===== DATA TO EXAMINE =====

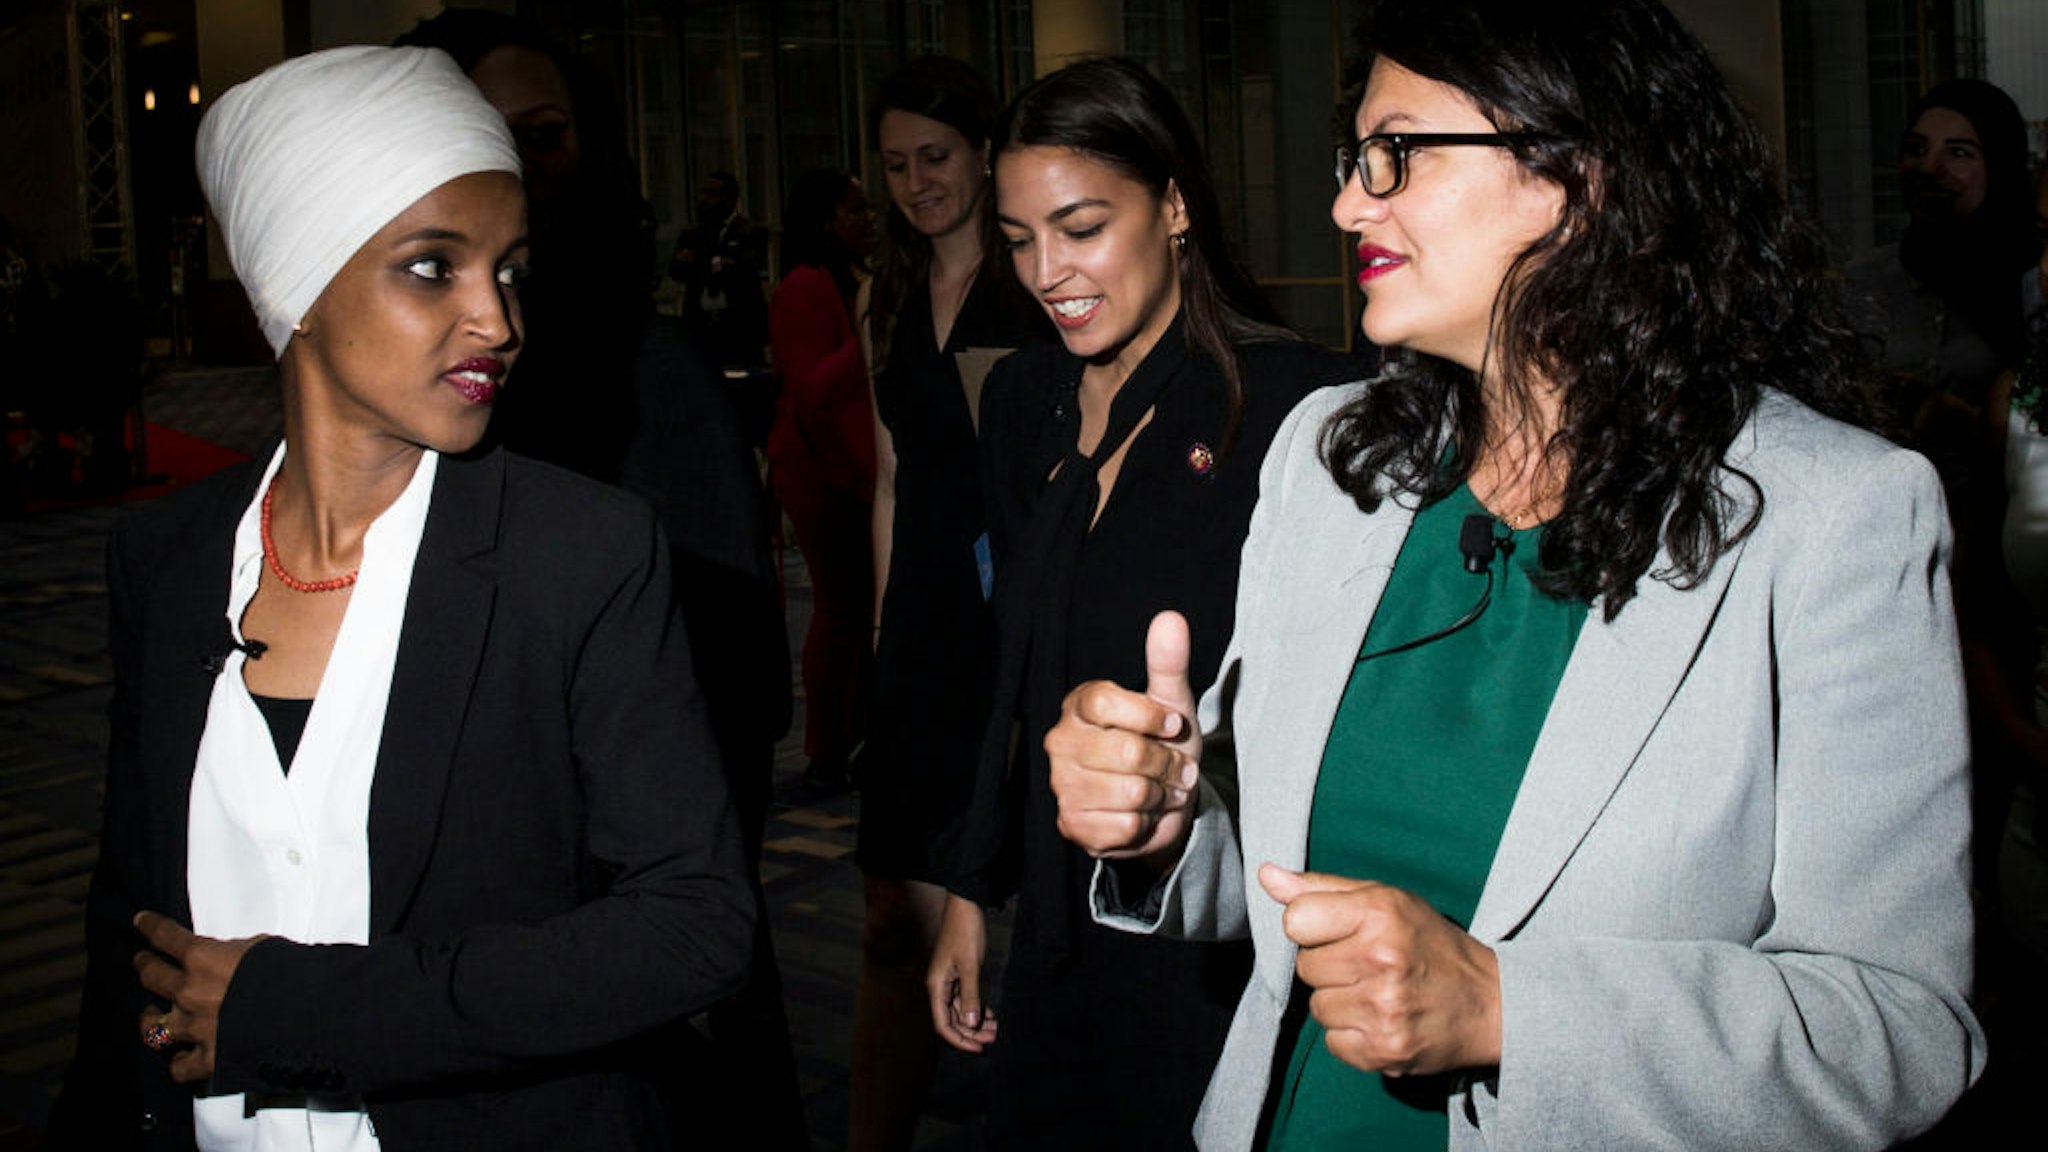 p. Ilhan Omar (D-MN), Rep. Alexandria Ocasio-Cortez (D-NY) and Rep. Rashida Tlaib (D-MI) arrive before participating during a town hall hosted by the NAACP on September 11, 2019 in Washington, DC.
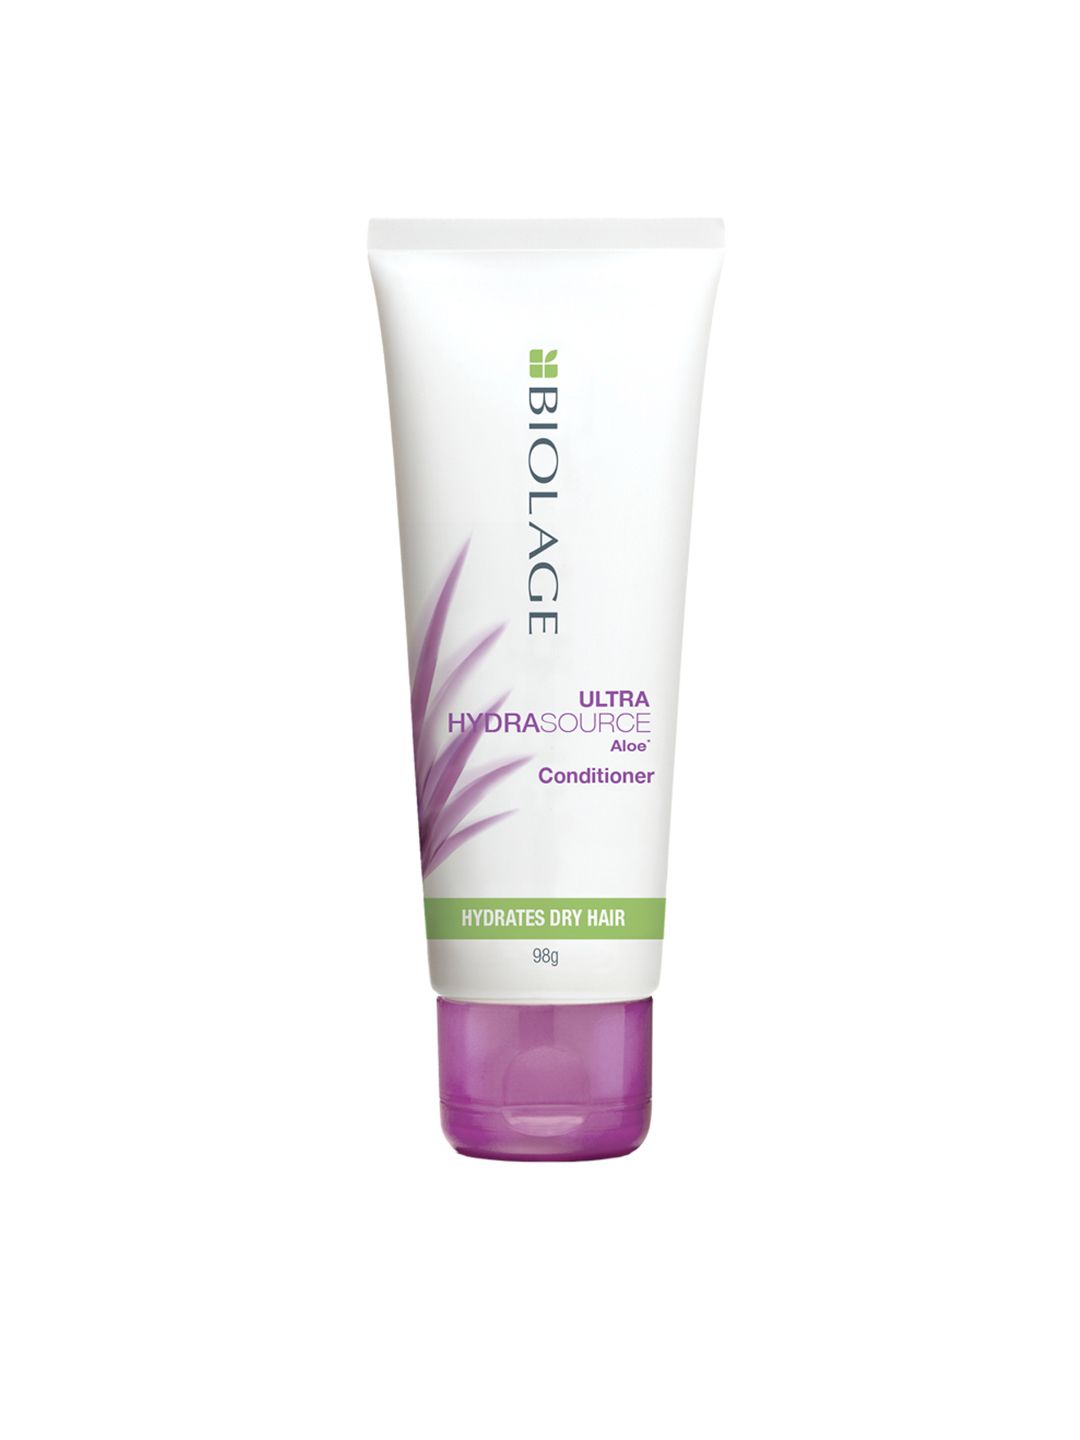 Biolage Ultra Hydra Source Aloe Conditioner for Hydration - 98 g Price in India
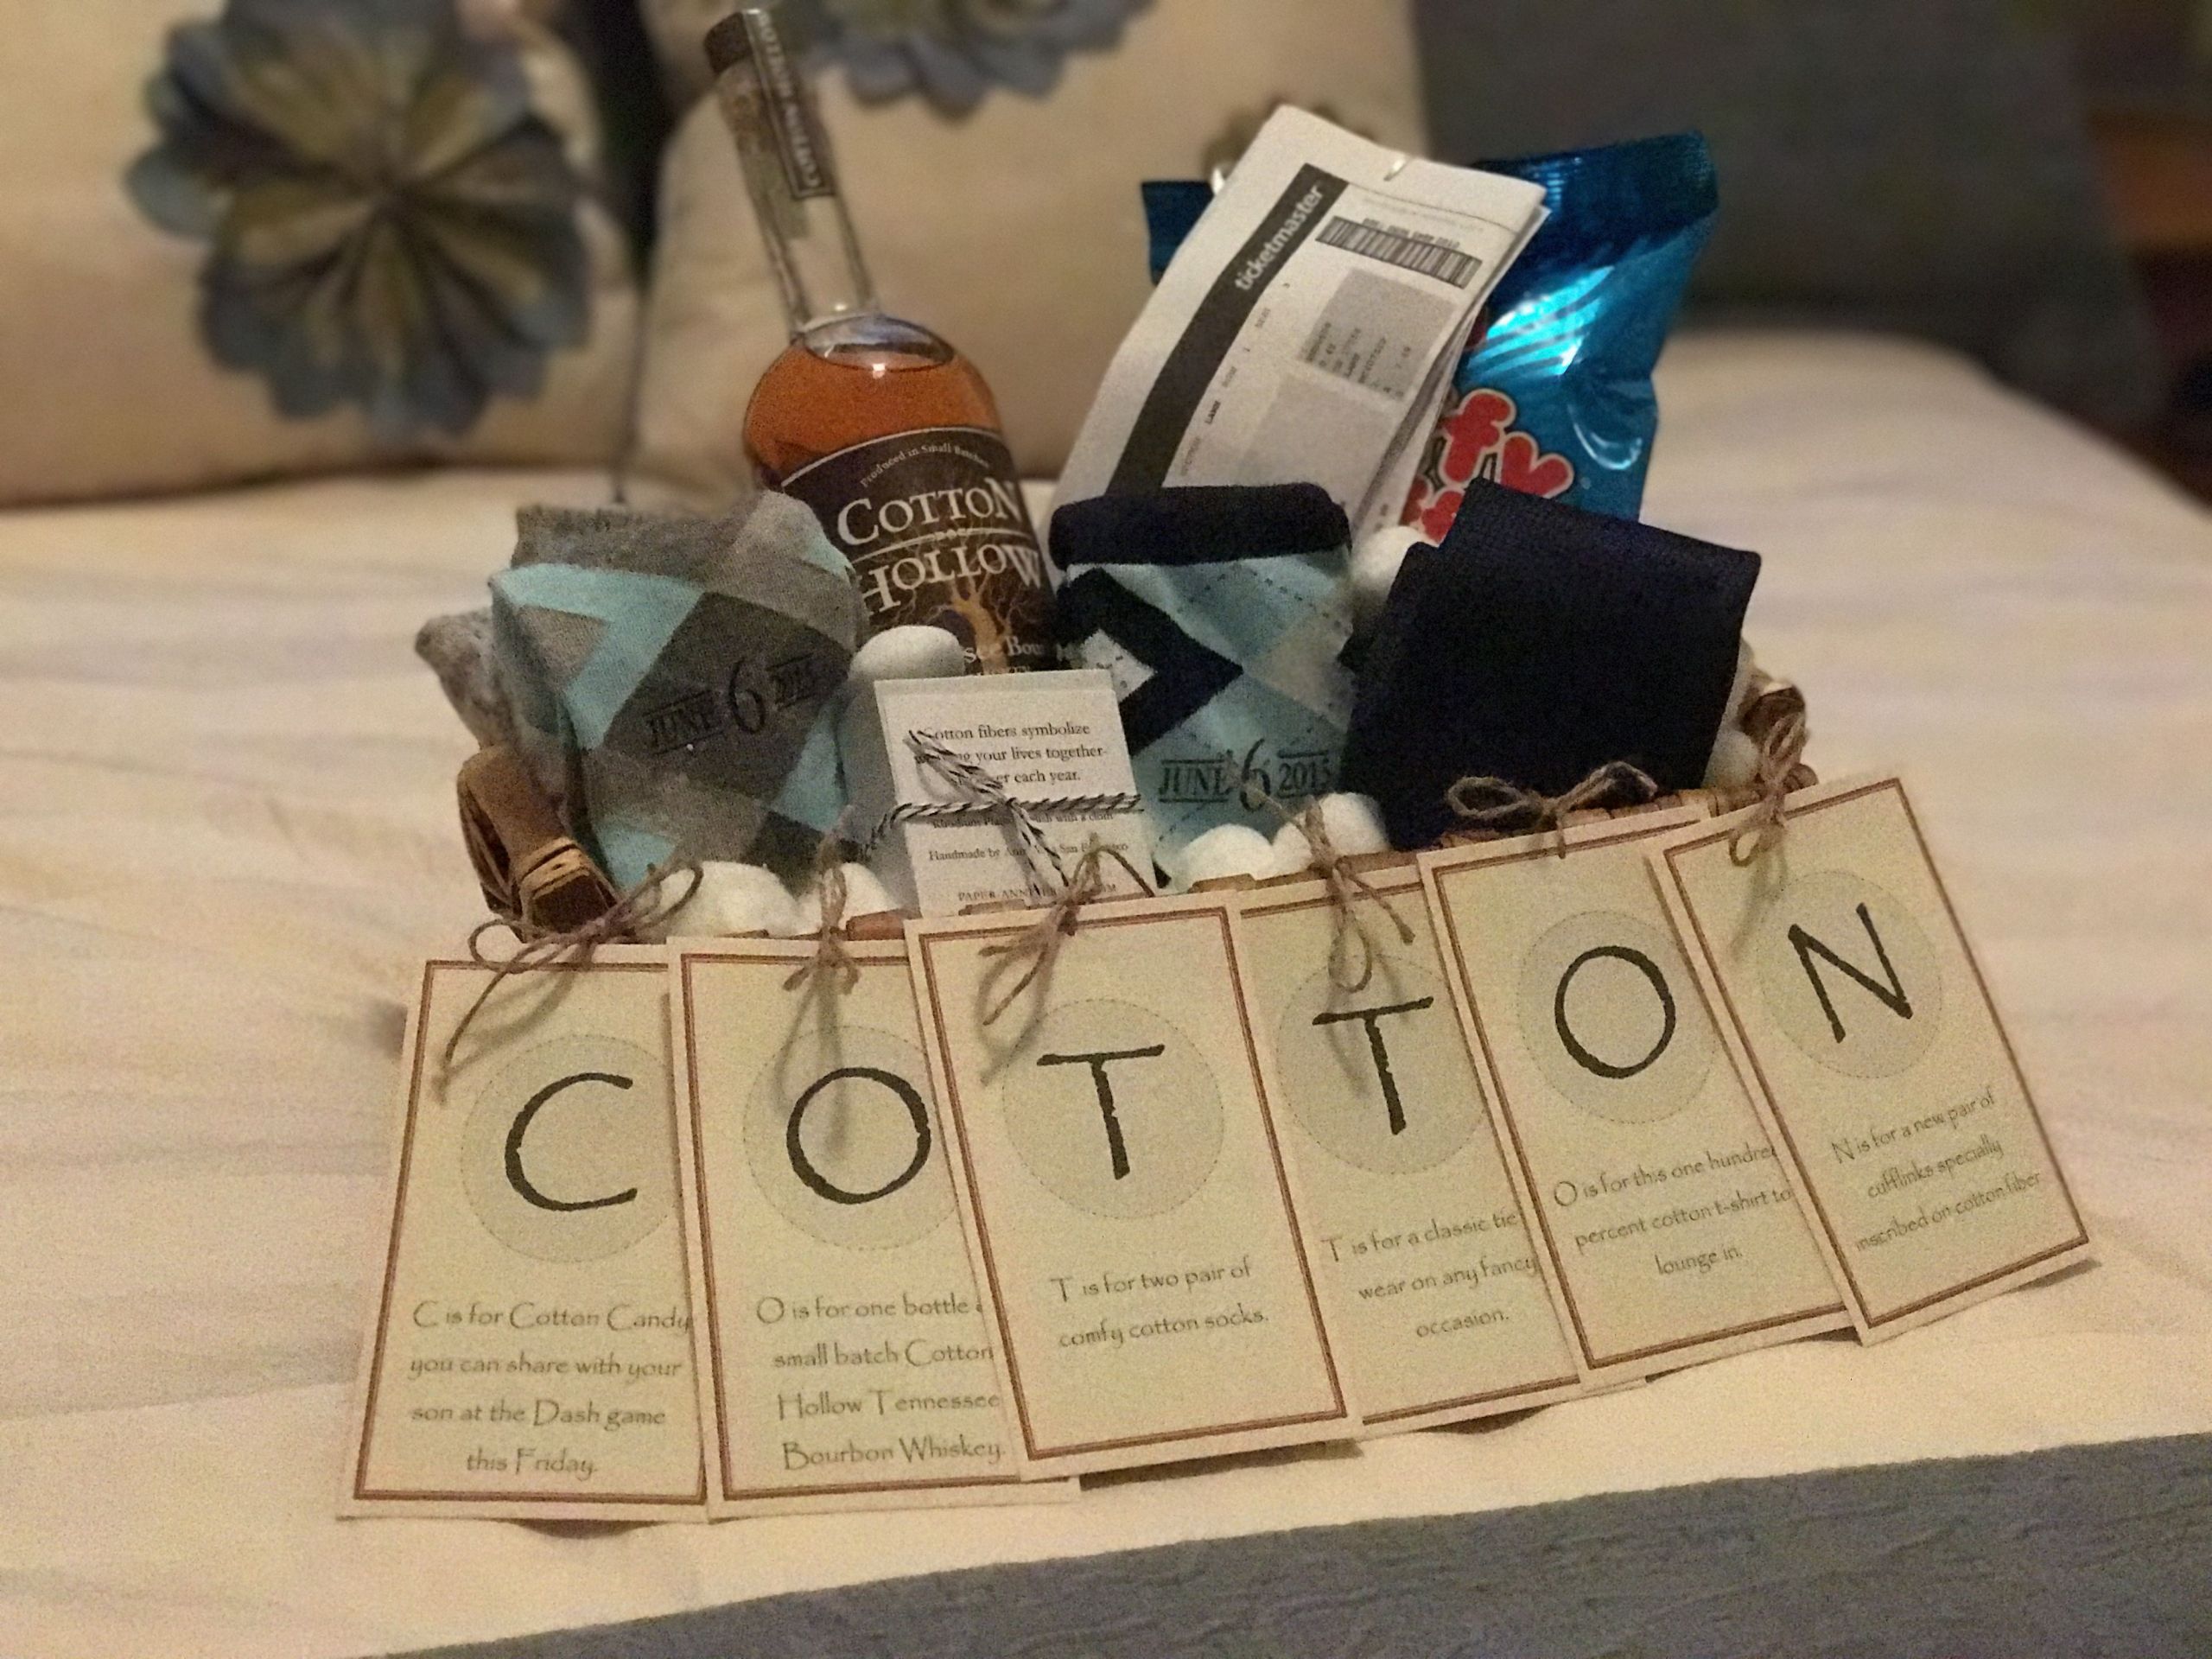 Wedding Gift For Second Marriage
 The "Cotton" Anniversary Gift for Him
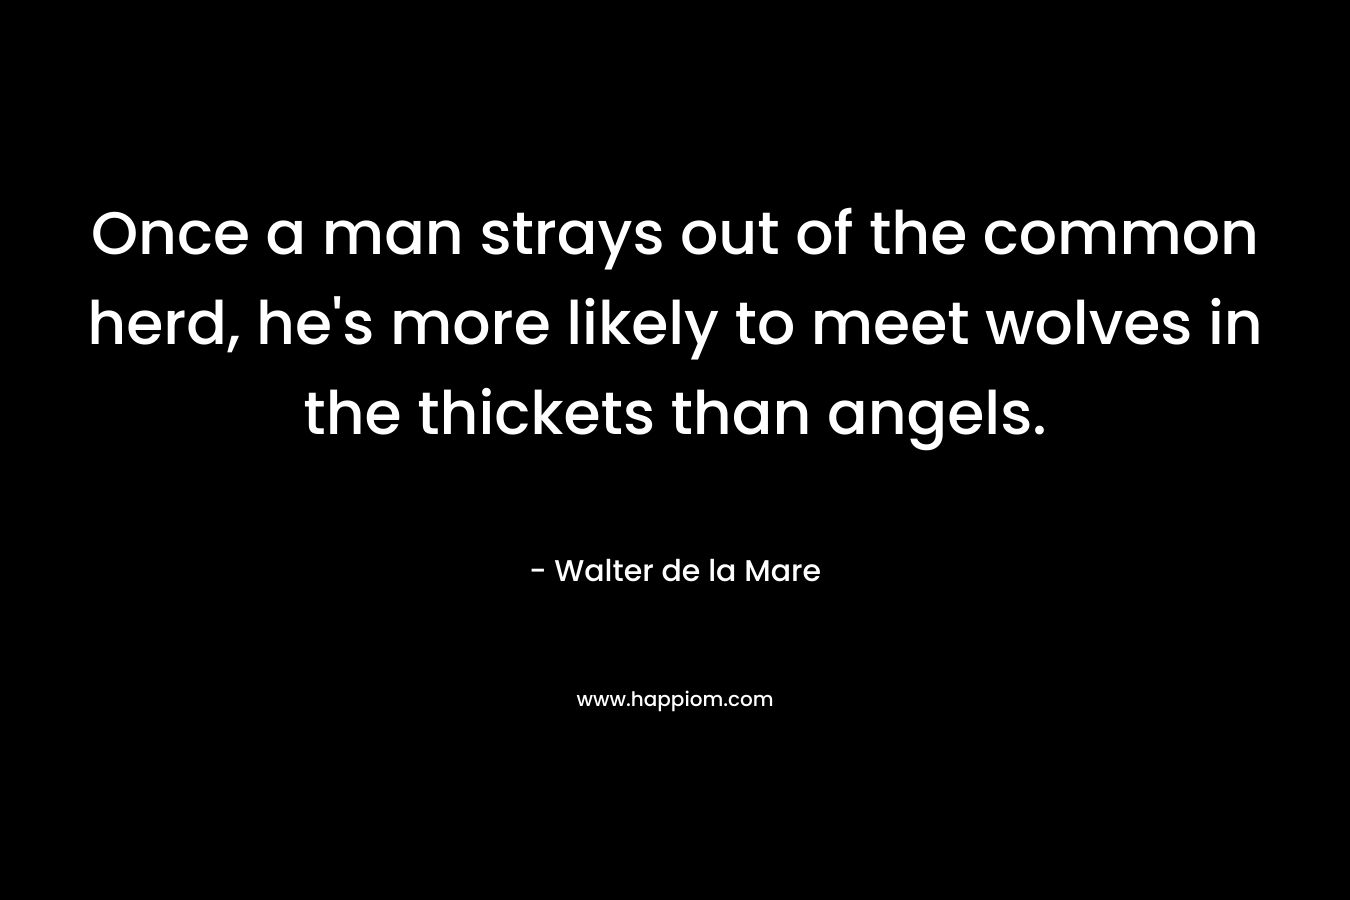 Once a man strays out of the common herd, he’s more likely to meet wolves in the thickets than angels. – Walter de la Mare

=====

THE PROBLEM:
A word-for-word repeat is expected of the lines from the one with "Wedding Gift For Second Marriage" to the end of the data, both included; pictures are not part of it.

RESULT BELOW:
 Wedding Gift For Second Marriage
 The "Cotton" Anniversary Gift for Him
 Once a man strays out of the common herd, he’s more likely to meet wolves in the thickets than angels. – Walter de la Mare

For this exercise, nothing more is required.